According to Flexera's 2025 State of the Cloud Report, organizations waste 30-40% of their cloud spend on idle, oversized, or underutilized resources. Global cloud waste is on track to hit $44.5 billion in 2025. That's not a monitoring problem. That's an architecture problem.

These are the six decisions that cause it.

1. You Lifted and Shifted Instead of Re-Architecting

The fastest migration is almost never the cheapest one over time.

When teams move workloads from on-premises to EC2, they typically carry over the same sizing assumptions they used for physical servers. On-prem servers are provisioned for peak load because you buy hardware upfront.
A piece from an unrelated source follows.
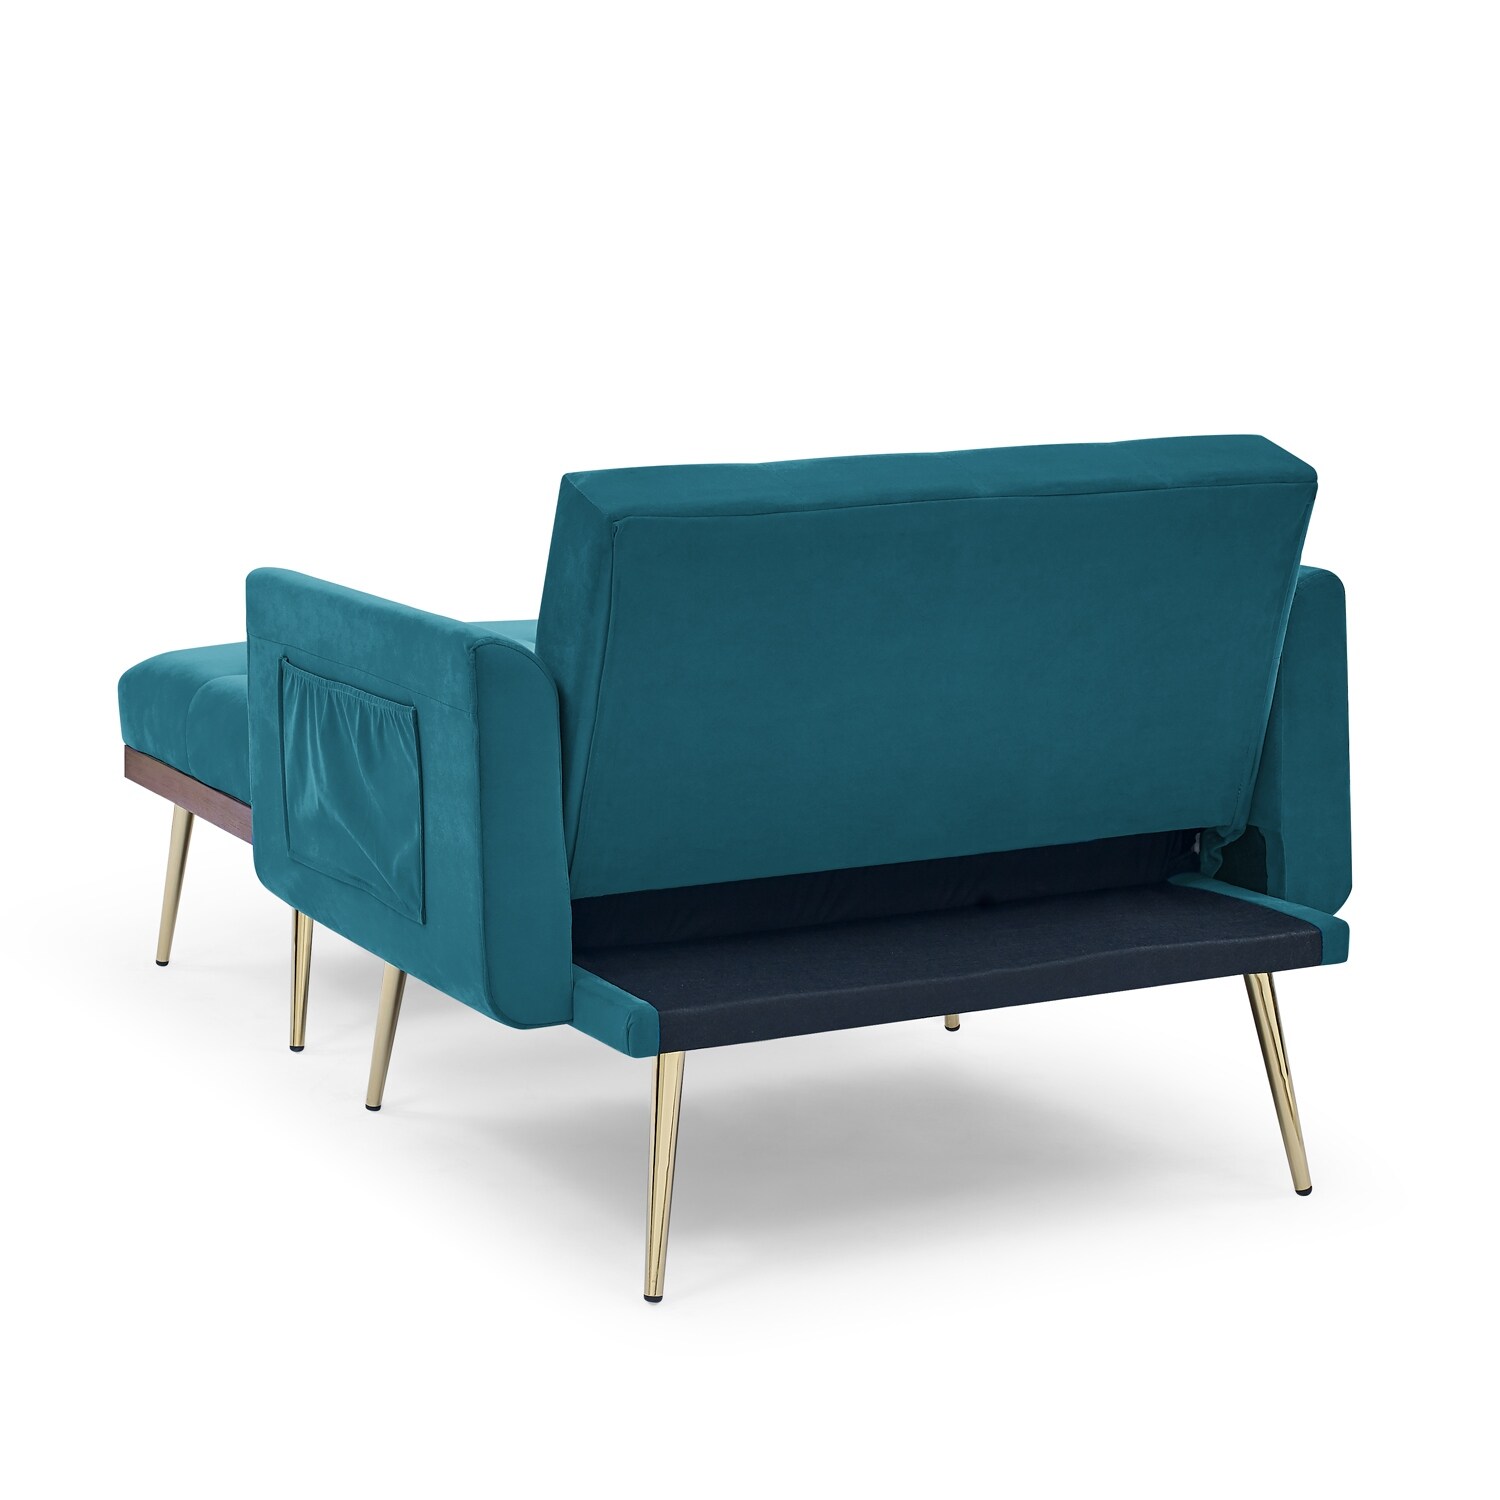 Recline Sofa Chair with Ottoman, Pocket
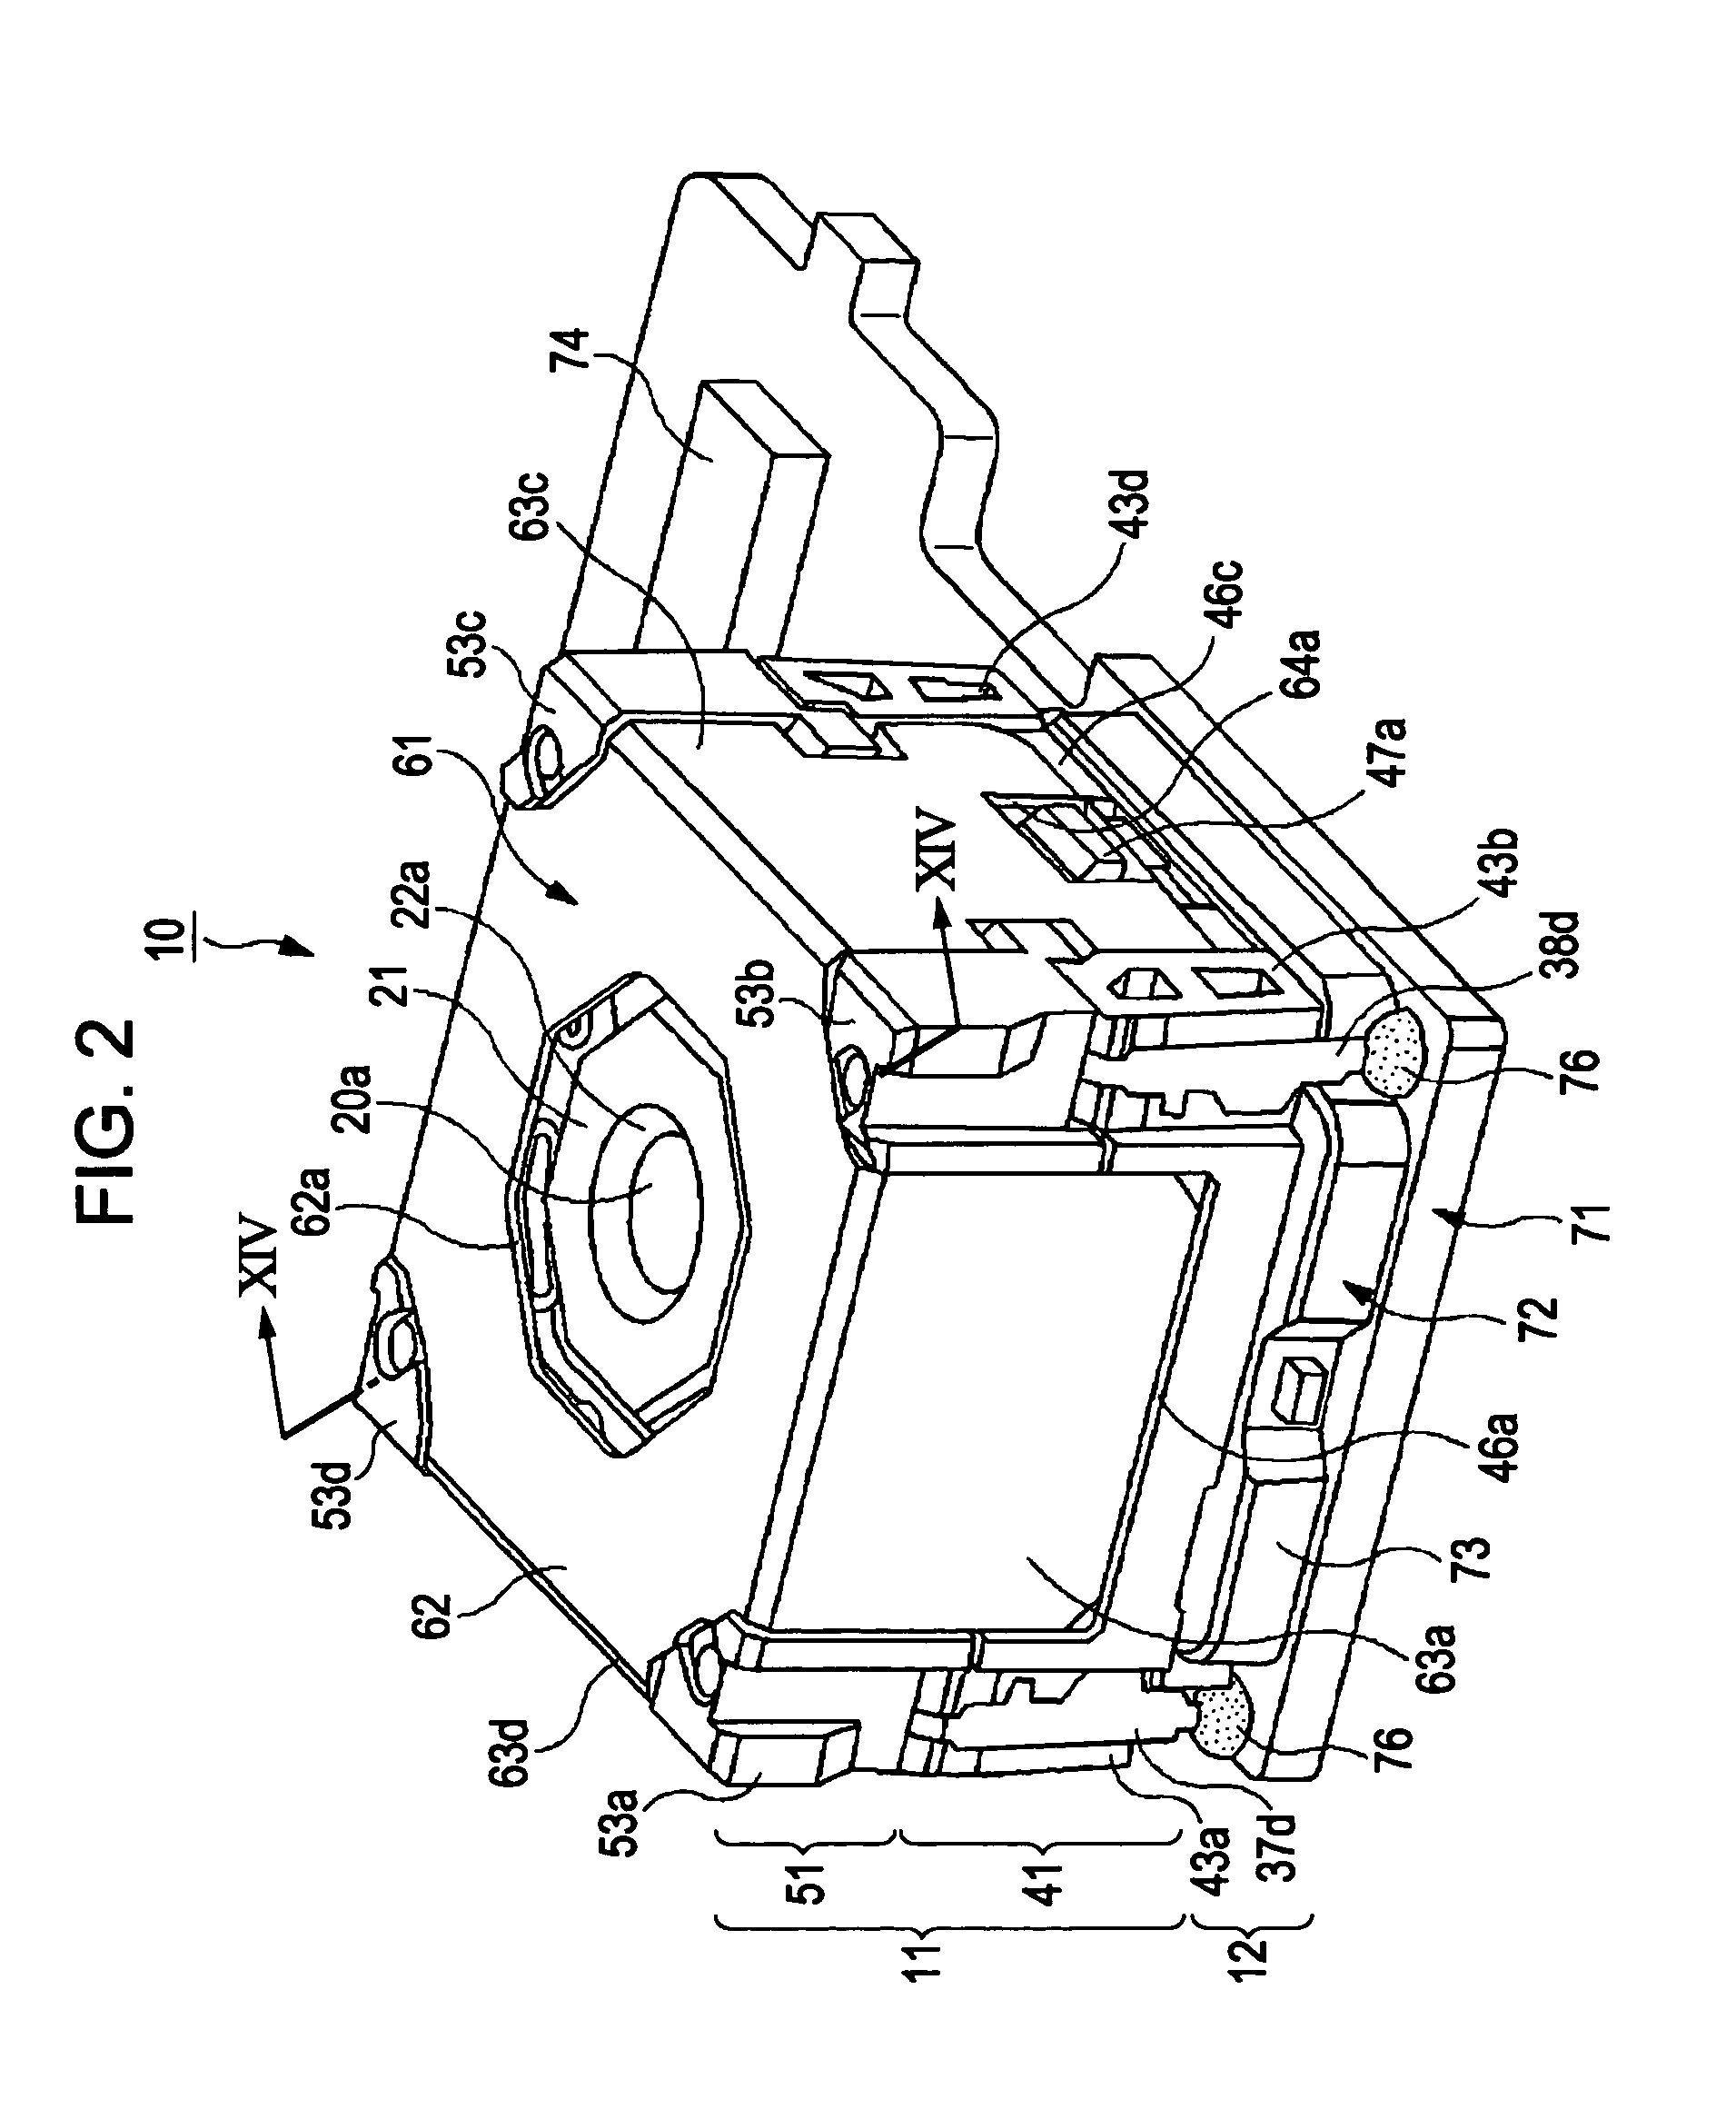 Lens barrel, camera module, and imaging apparatus

On AWS, you pay per hour. Running a server sized for Black Friday traffic on a quiet Tuesday in March is pure waste.

A production workload running on an oversized m6i.4xlarge when an m6i.xlarge would handle 95% of your traffic costs roughly $400 more per month per instance, before you factor in EBS, data transfer, and related services. Multiply that across your fleet and you're paying a premium for comfort, not performance.

The fix isn't always a full re-architecture. Start with AWS Compute Optimizer. Run it for 14 days. Most teams find 20-30% in savings on compute alone just by right-sizing.

2. Your Data Is Traveling Farther Than It Needs To

Data transfer costs are one of the most underestimated line items on any AWS bill. For data-heavy platforms, they can represent 25-35% of total monthly spend.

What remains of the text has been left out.